No passado dia 14 de Abril, o jornal Expresso titulava na primeira página: "É evidente que Nossa Senhora não apareceu em Fátima" (Anselmo Borges). E remetia para uma entrevista na página 22. É claro que quem só leu este título ficou enganado. É verdade que eu disse aquilo. Mas quem foi ler a entrevista? Quem leu encontrou o que é fundamental: a necessária distinção entre "aparição" e "visão": "Posso ser um bom católico e não acreditar em Fátima porque não é dogma. Não me repugna, contudo, que as crianças, os chamados três pastorinhos, tenham tido uma experiência religiosa, mas à maneira de crianças e dentro dos esquemas religiosos da altura. É preciso também distinguir aparições de visões. É evidente que Nossa Senhora não apareceu em Fátima. Uma aparição é algo objectivo. Uma experiência religiosa interior é outra realidade, é uma visão, o que não significa necessariamente um delírio, mas é subjectivo. É preciso fazer esta distinção."
Como já aqui expliquei, é evidente que Maria não apareceu fisicamente em Fátima, pois o crente na vida plena e eterna em Deus sabe que essa vida é uma nova criação, para lá do espaço e do tempo; não é segundo o modo da vida neste mundo. Mesmo a ressurreição de Jesus não é a reanimação do cadáver, é evidente, e, por isso, está para lá das manifestações físico-empíricas. Eu acredito na vida eterna e que Jesus está vivo em Deus. Como é? Ninguém sabe. As grandes experiências, as que decidem da vida e da morte e do sentido da existência e da história, são interiores. É neste dinamismo que estão as experiências da fé religiosa, mesmo se - a experiência nunca é pura, nua - se dão no quadro de esquemas, figuras e imagens interpretativos, segundo as situações, os tempos e os contextos. O referente - pólo objectivo - é sempre o mesmo: o Mistério, o Sagrado, Deus, Presença transcendente-imanente, que o crente - pólo subjectivo - experiencia como Fundamento e Fonte de salvação.
Percebe-se então que há experiências religiosas melhores e outras menos boas. E lá está na entrevista: "E por isso digo que é necessário evangelizar Fátima, ou seja, trazer uma notícia boa. Porque mesmo para aquelas crianças aquela não foi uma notícia boa: que mãe mostraria o inferno a uma criança?"

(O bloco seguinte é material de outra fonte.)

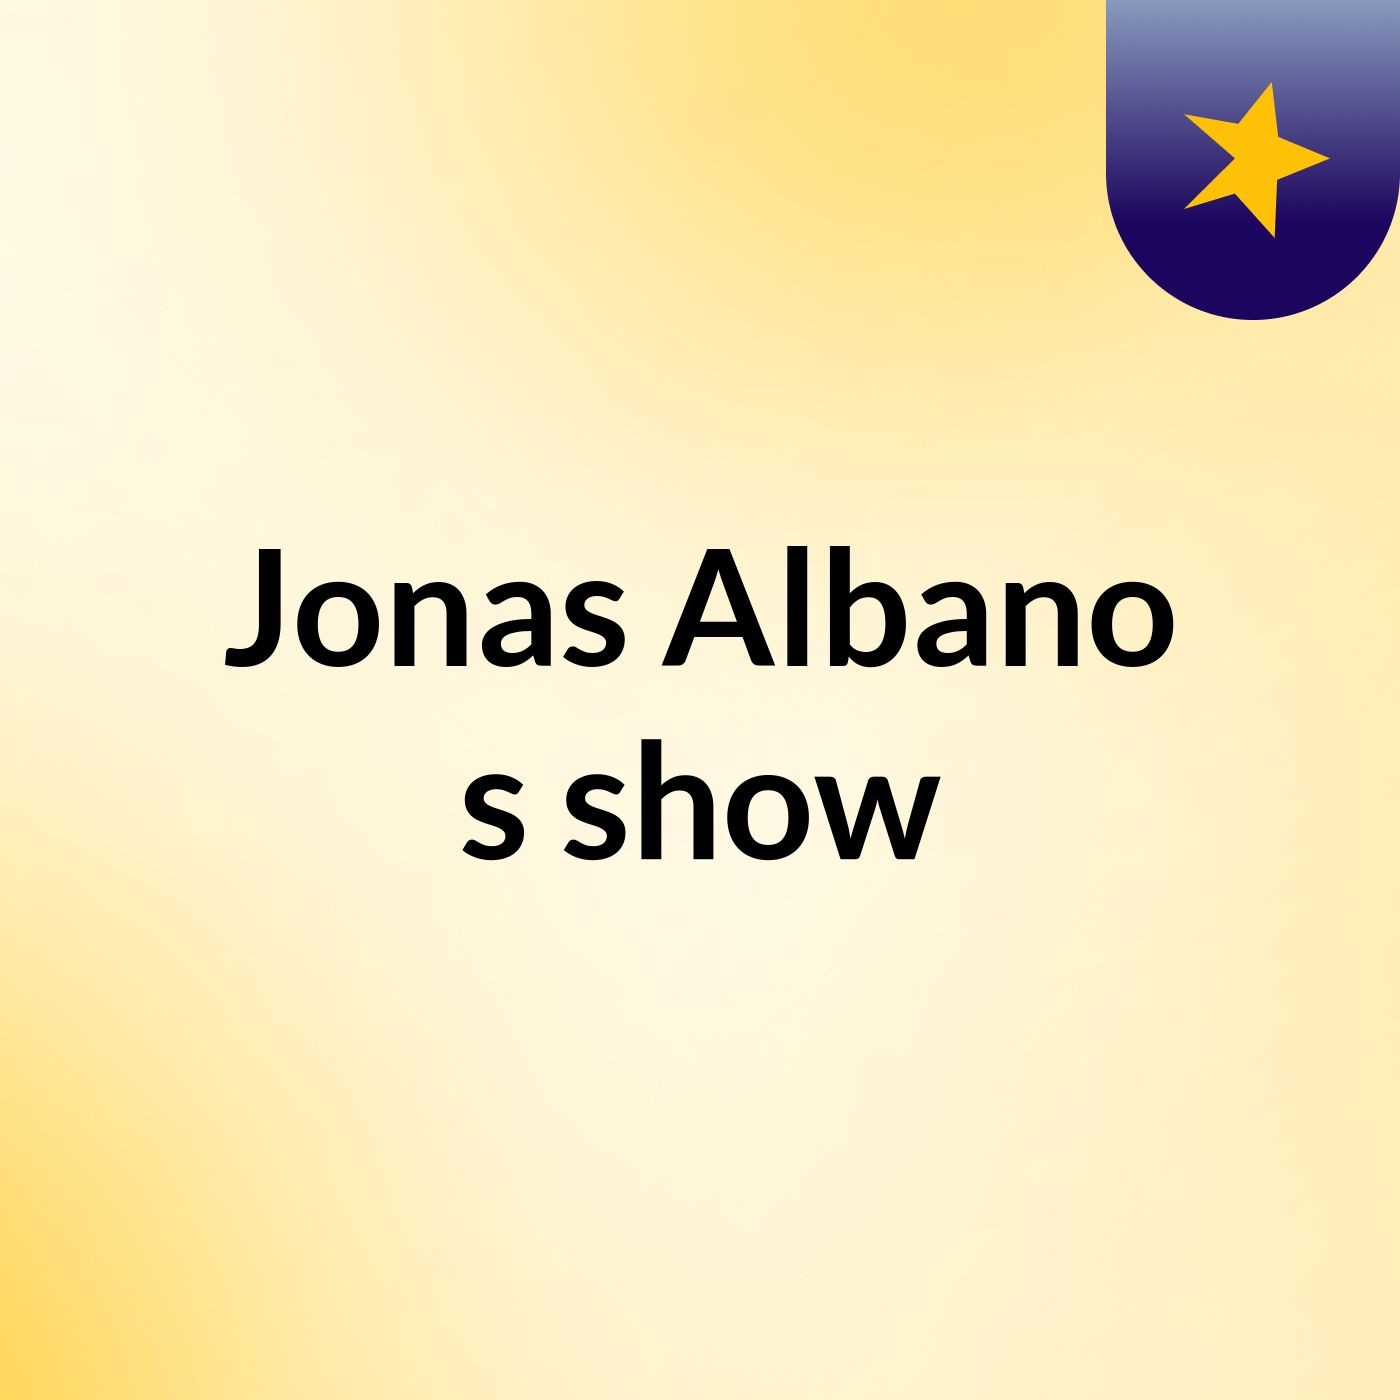 Jonas Albano's show

2 - Qual é o núcleo da mensagem de Fátima? Em primeiro lugar, a oração. É uma grande mensagem? É. Para crentes e não crentes. Quem não precisa de rezar? Não necessariamente dizendo orações, embora os cristãos tenham a oração essencial que Jesus ensinou: o pai-nosso", onde está o núcleo da vida: a ligação à Transcendência, que é Amor; que o Reino de Deus venha: o Reino da verdade, da justiça, da dignidade livre e da liberdade na dignidade para todos e que lutemos por isso; a gratidão face ao milagre exaltante da Vida; o pão para todos; o milagre do perdão; a atenção ao essencial da vida, para se não cair na tentação da desgraça, do mal que fazemos a próprios e aos outros. A oração implica parar para escutar o silêncio e o que só no silêncio se pode ouvir: a voz da consciência e da dignidade, meditar, descer ao mais fundo de si, lá onde se encontra a ligação com a Fonte, donde tudo vem e onde tudo se religa e se faz a experiência do transtempo, para se poder viver no tempo sem se afundar na dispersão e no vazio.
A outra mensagem: "Fazei sacrifício e penitência." E aquelas crianças até a pouca comida que tinham davam às ovelhas pela conversão dos pecadores.
Fátima precisa de ser evangelizada. Evangelho quer dizer notícia boa e felicitante, mas, frequentemente, como bem viu Nietzsche, o que se anunciou foi um Disangelho: uma notícia desgraçada e que arrastou consigo imensa infelicidade. No Evangelho segundo São Marcos, Jesus inicia a sua vida pública, proclamando: "Metanoiete", cuja tradução normalmente é: "Fazei penitência", mas realmente o que lá está é: mudai de mentalidade, de modo de pensar; portanto, mudai de vida, de mentalidade, de atitude, e acreditai no Evangelho. Jesus anunciava: "Ide aprender o que isto quer dizer: Deus não quer sacrifícios, mas justiça e misericórdia." O que Jesus declarava era uma boa-nova: Deus é Amor, Fonte de vida, Liberdade criadora, que quer a vossa felicidade. "Não tenhais medo", é outra palavra constante de Jesus. Mas, realmente, o que se pregou muitas vezes foi um deus da tristeza, do medo, do terror, chegando-se ao limite de pregar que Deus precisou da morte do próprio Filho para se reconciliar com a humanidade. Foi deste deus que Nietzsche proclamou a morte, porque perante um deus assim só se pode desejar que morra.
É completamente diferente o que está no Evangelho. Jesus não foi morto para aplacar a ira de Deus, Ele entregou-se à morte e morte de cruz para dar testemunho da Verdade e do Amor: o único interesse de Deus é que os homens e as mulheres, todos, sejam plenamente realizados e felizes. Esse é o sentido do sacrifício: não o sacrifício pelo sacrifício, mas o sacrifício que traz vida. O sacrifício pelo sacrifício não vale nada, mas, por outro lado, sem sacrifício, nada de grande, de verdadeiramente valioso, se realiza. "Mudai de mentalidade": batei-vos pela vida, pela justiça, pela paz, pela felicidade, pelos direitos e pela dignidade divina de cada homem e de cada mulher, de todos. Sacrificai-vos por isso. É o que Deus quer e o que vale a pena. Para sempre.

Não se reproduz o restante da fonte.